Ria Rago Salah Satu Film Dokumenter Tertua dari Ende, NTT, Karya Misionaris Belanda
Eastjourneymagz.com–Siti Nurbaya merupakan Novel Indonesia yang ditulis oleh Marah Rusli dan diterbitkan oleh Penerbit Balai Pustaka.
Dalam film ini mengisahkan bagaimana martabat perempuan direndahkan. Nurbayah dinikahkan dengan Datuk Maringgih, seorang hartawan namun berprilaku kasar.
Ayah Nurbaya mendapat keuntungan dari pernikahan itu karena dapat bebas dari berbagai utang.
Kisah Kawin paksa ini juga terjadi di Flores dalam film Ria Rago.
Gadis yang beragama Katolik berasal dari Desa Noea Nelloe dipaksakan oleh orangtuanya untuk menikah dengan Dapa Doki.
Ia direncanakan untuk menjadi Istri kedua dari Dapo Doki yang berbeda keyakinan dengannya.
Ria tidak menyetujui pernikahan tersebut meski maharnya sangat besar.
Ia tidak mencintai lelaki itu, apalagi lelaki itu sudah memiliki istri. Dalam film tersebut tampak Ria Rago mempertahankan imannya meski ia harus diikat dan dipaksa menikah.
Ia terus berdoa senbari memegang erat rosario di tiang tempat ia diikat.
Ria Rago merupakan tokoh utama dalam film ini.
Latar filmnya menggambarkan suasana masyarakat Ende zaman itu.
Film ini ditulis oleh misionaris eponim dari tahun 1930 oleh Pastor Simon Buis.
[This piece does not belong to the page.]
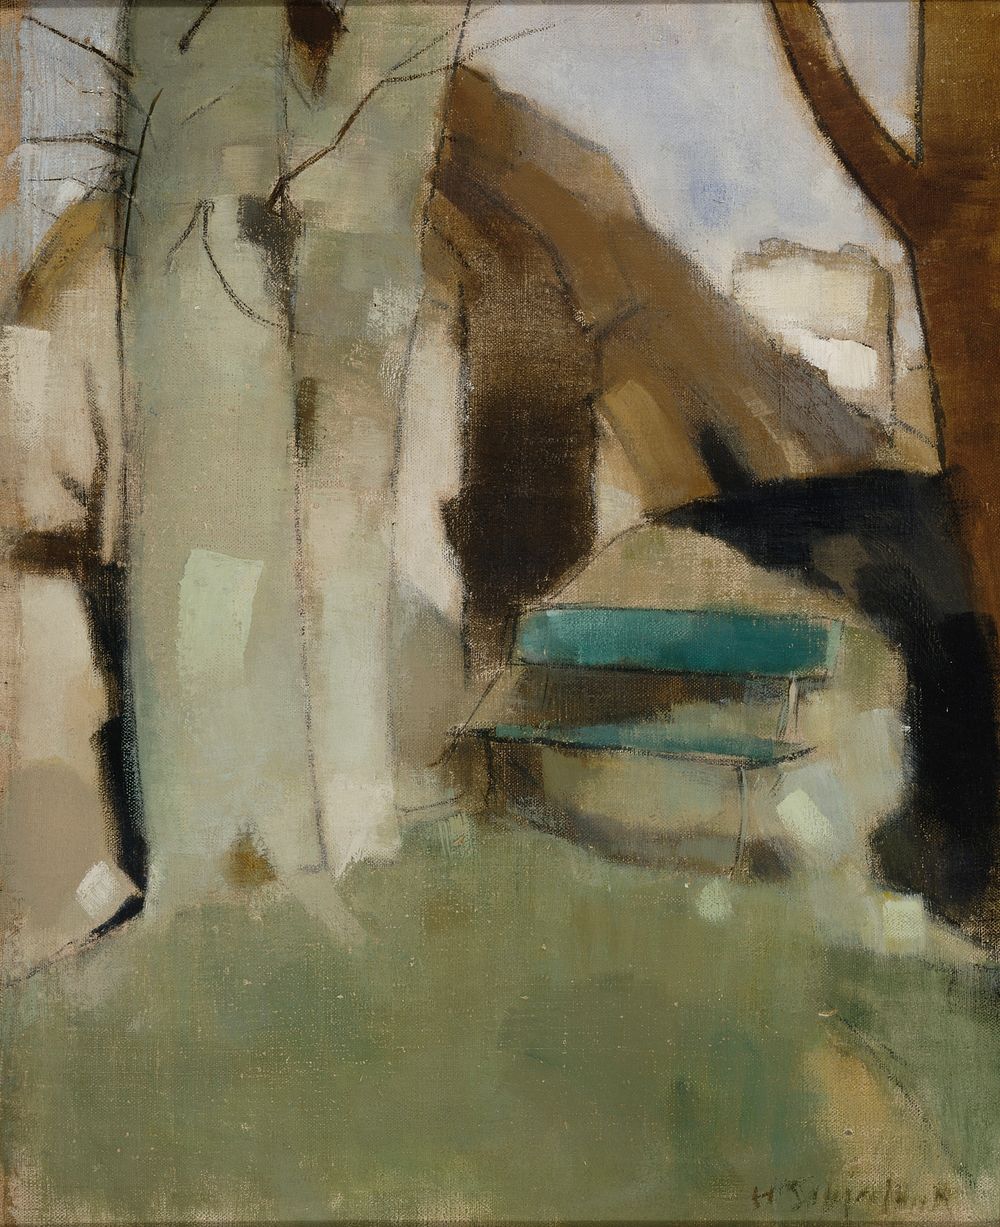 Shadow on the wall ii (green bench), 1928, Helene Schjerfbeck

Pastor Simon Buis (1892-1960) dari Kongregasi Sabda Allah (Societatis Verbi Divina – SVD).
Ia merupakan salah satu misionaris Belanda yang sangat terkenal di zamannya.
Film Flores, yang diedit olehnya dari tahun 1925 menginspirasi banyak orang untuk menjadi seorang misionaris.
Film ini diambil oleh juru kamera Jerman Willy Rach.
Pada 1930 ia membuat film misionaris baru yang sekali lagi diputar di Flores: Ria Rago.
Dia dibantu oleh, Pastor Piet Beltjens. Judul lengkap film ini Ria Rago, pahlawan wanita di lembah Ndona.
Kehidupan pengorbanan dan kematian. Pengorbanan seorang gadis muda Kristen .
Film dokumenter berjudul “Ria Rago” menggambarkan konsisi Ende zaman itu. Dalam Film tersebut tampak masyarakat dalam kesehariannya.
Latarnya merupakan perkampungan-perkampungan zaman dulu. Film ini diangkat dari cerita rakyat di Ndona Ende pada tahun 1923.
Dalam film yang ditayangkan hampir dua jam tersebut tampak juga latar belakang Biara para misionaris dan juga rumah sakit dan panti.
Film ini tidak ada audio dan menjdi salah satu film dokumenter tertua.